**Data listing**
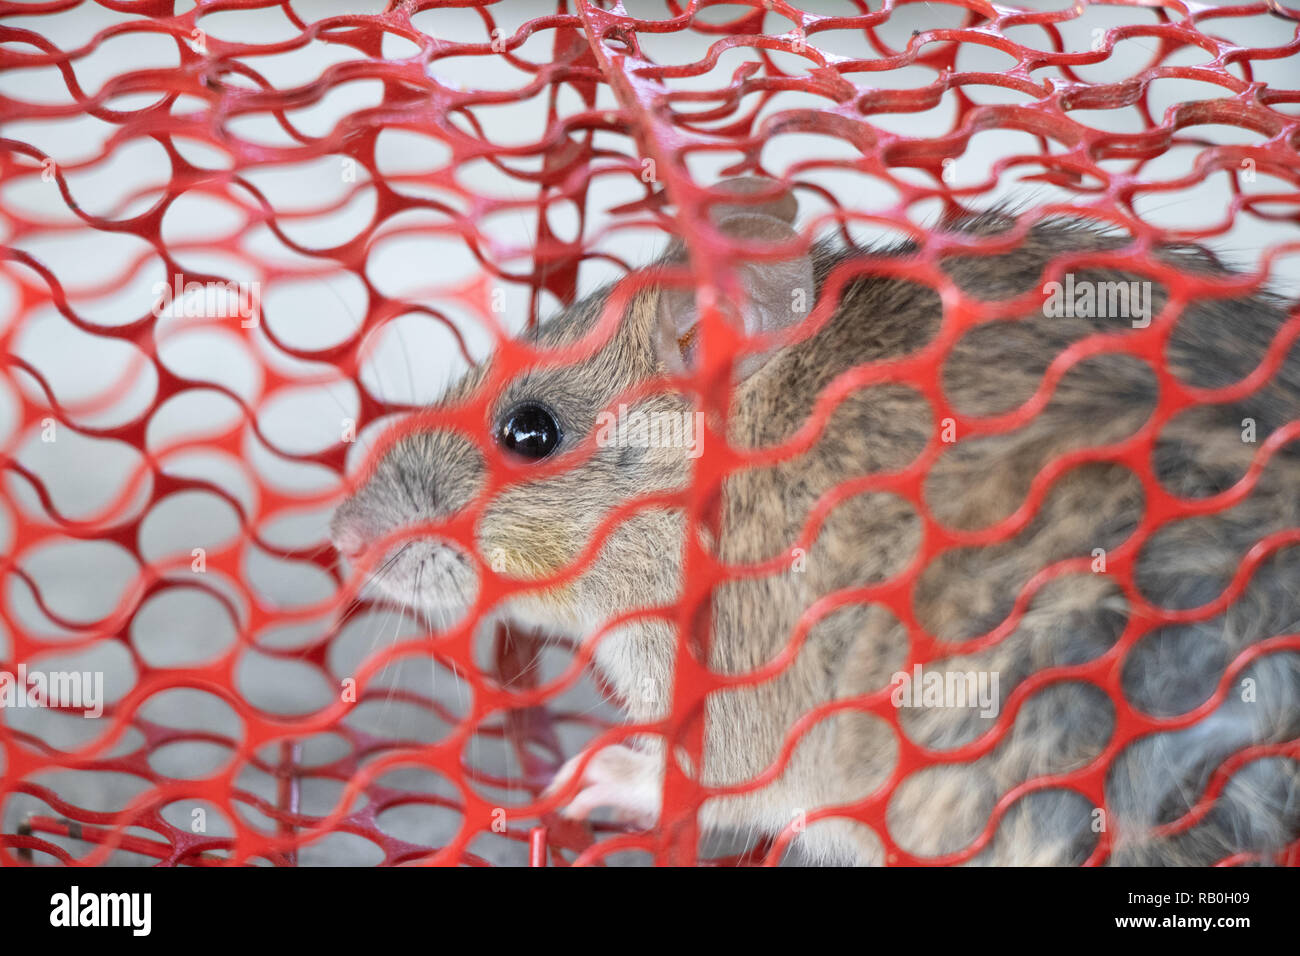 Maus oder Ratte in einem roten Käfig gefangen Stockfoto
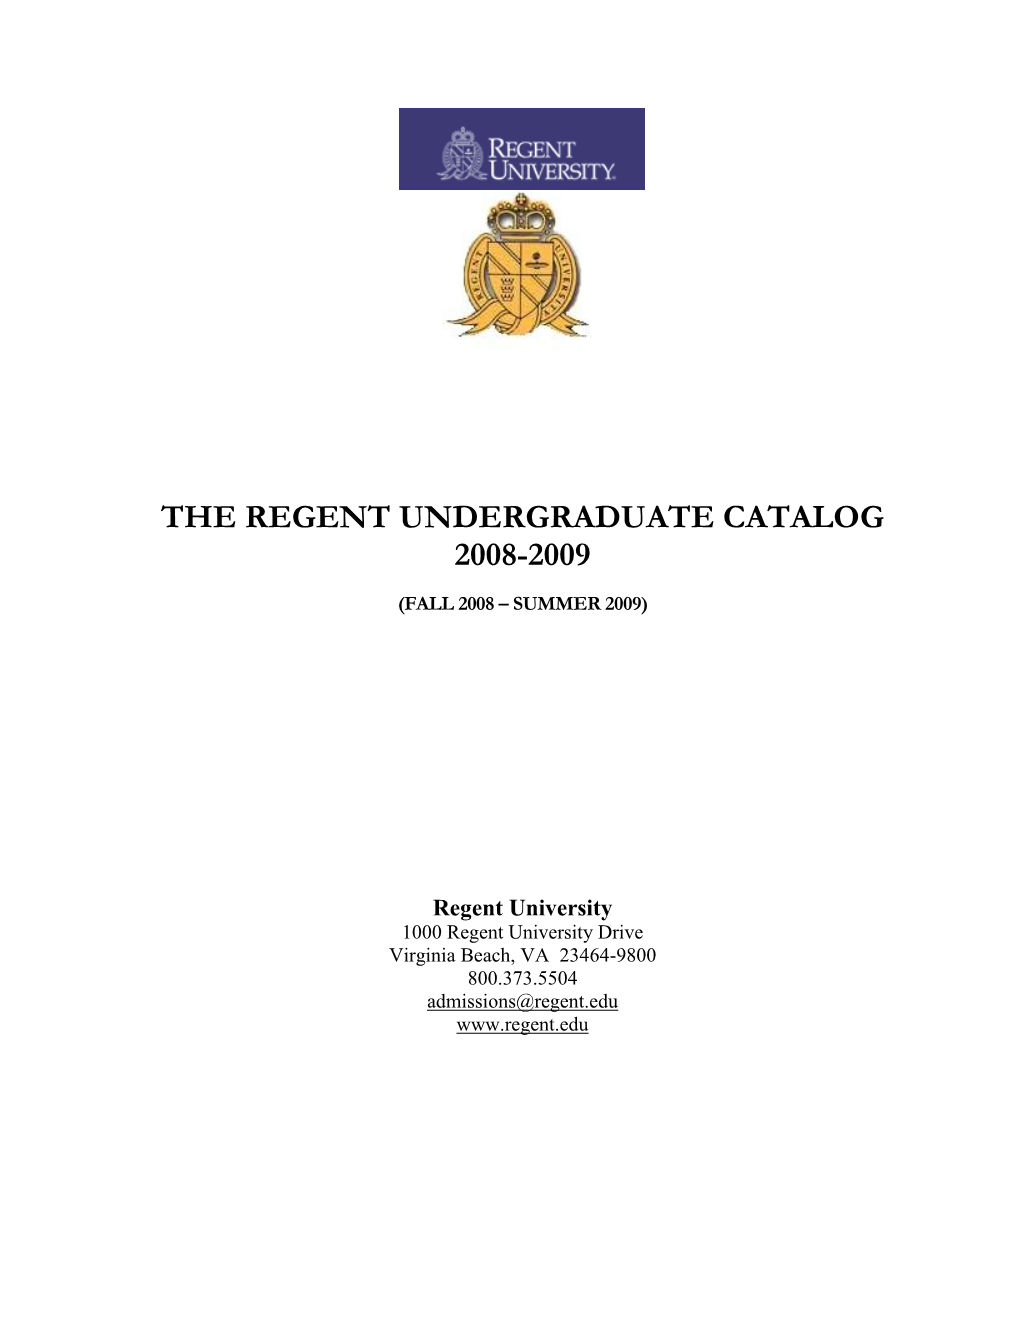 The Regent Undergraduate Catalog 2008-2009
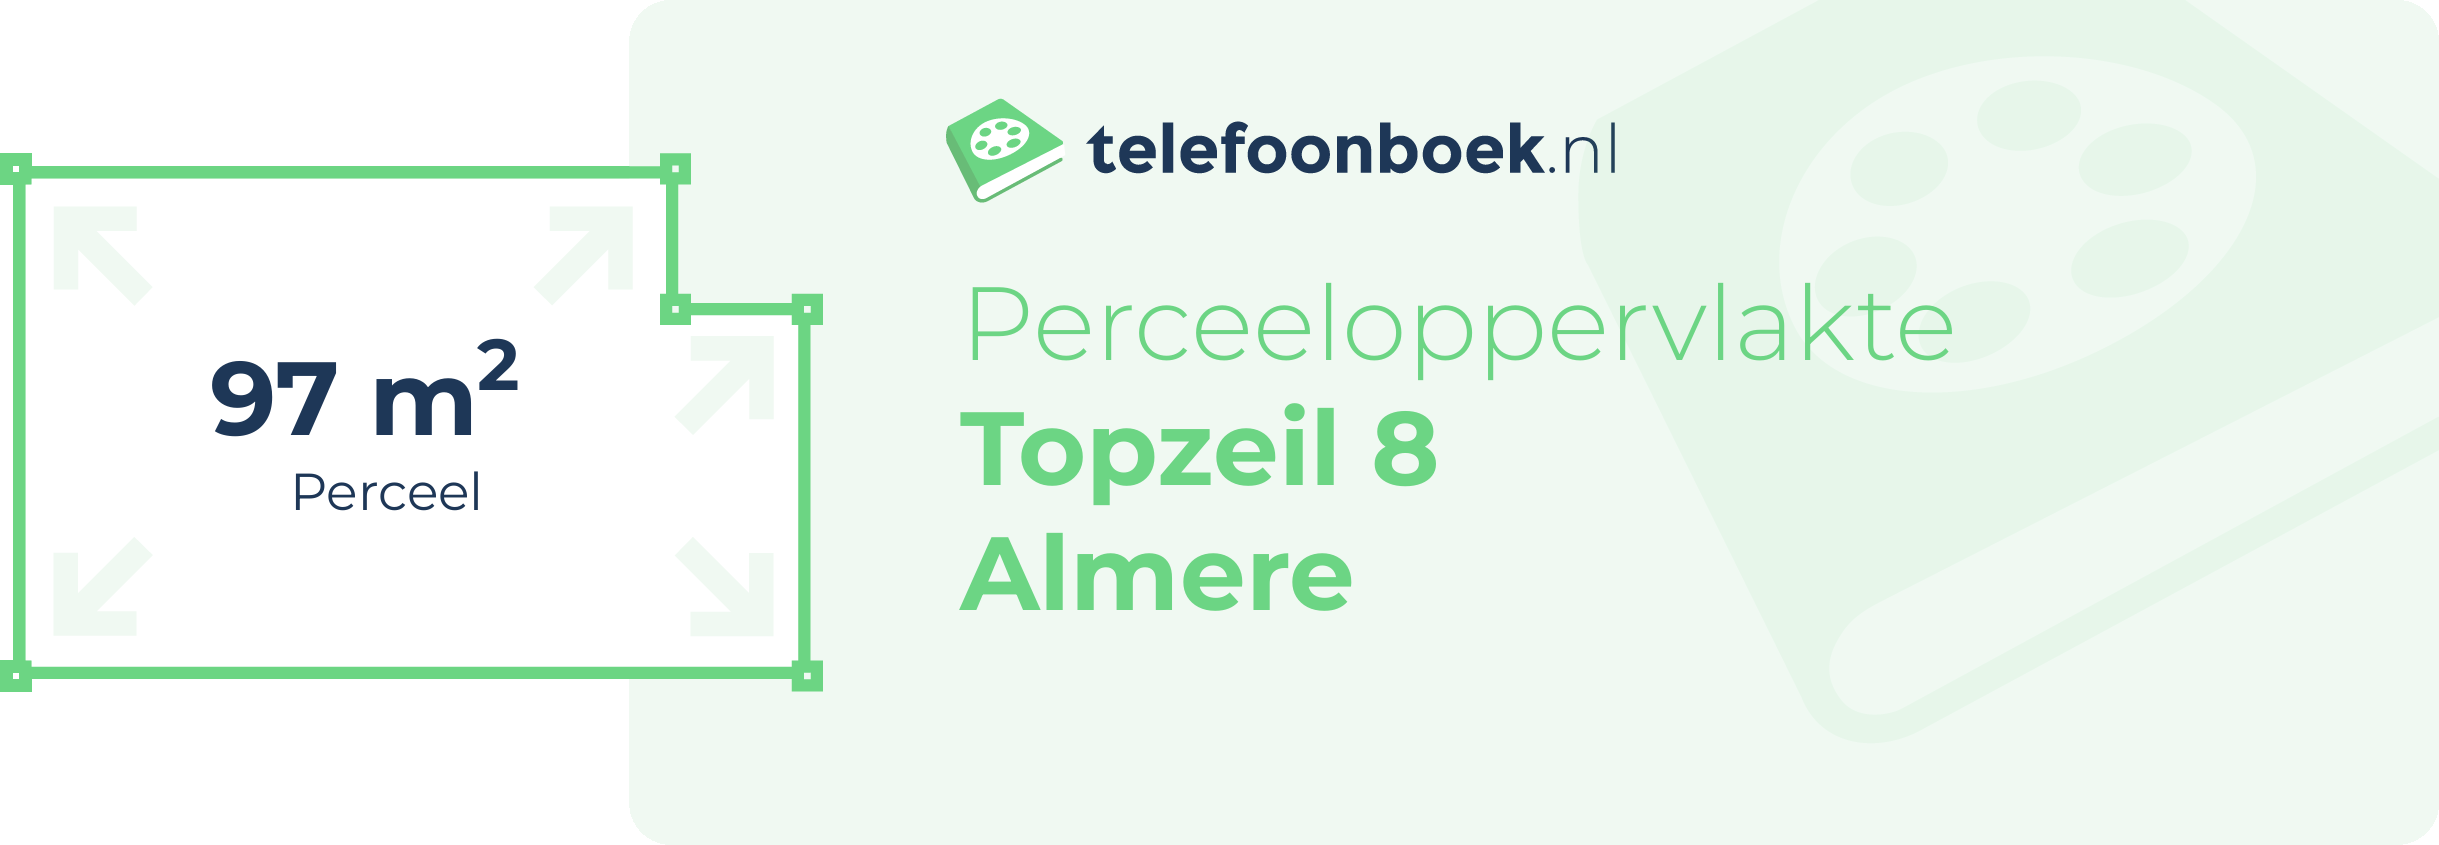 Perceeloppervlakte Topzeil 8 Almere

...

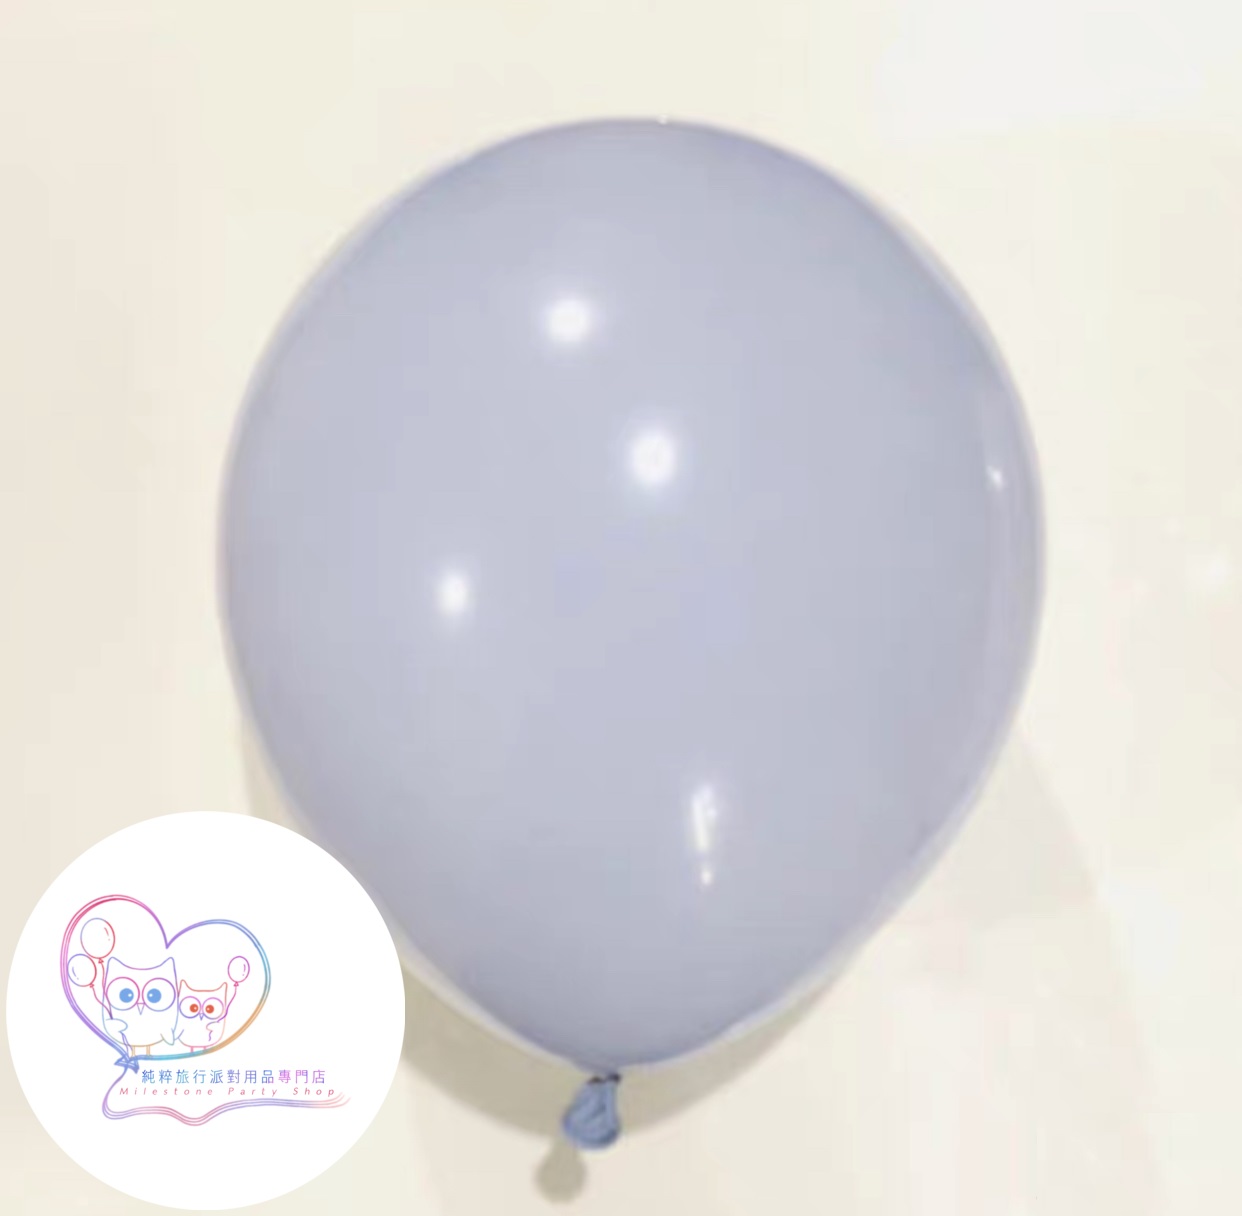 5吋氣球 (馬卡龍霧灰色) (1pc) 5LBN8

**What you need to do**
Without the pictures, set down the lines above from the line with "The Regent Undergraduate Catalog 2008-2009" up to and including the line with "Perceeloppervlakte Topzeil 8 Almere" exactly as they stand.

**The answer**
 The Regent Undergraduate Catalog 2008-2009
 Perceeloppervlakte Topzeil 8 Almere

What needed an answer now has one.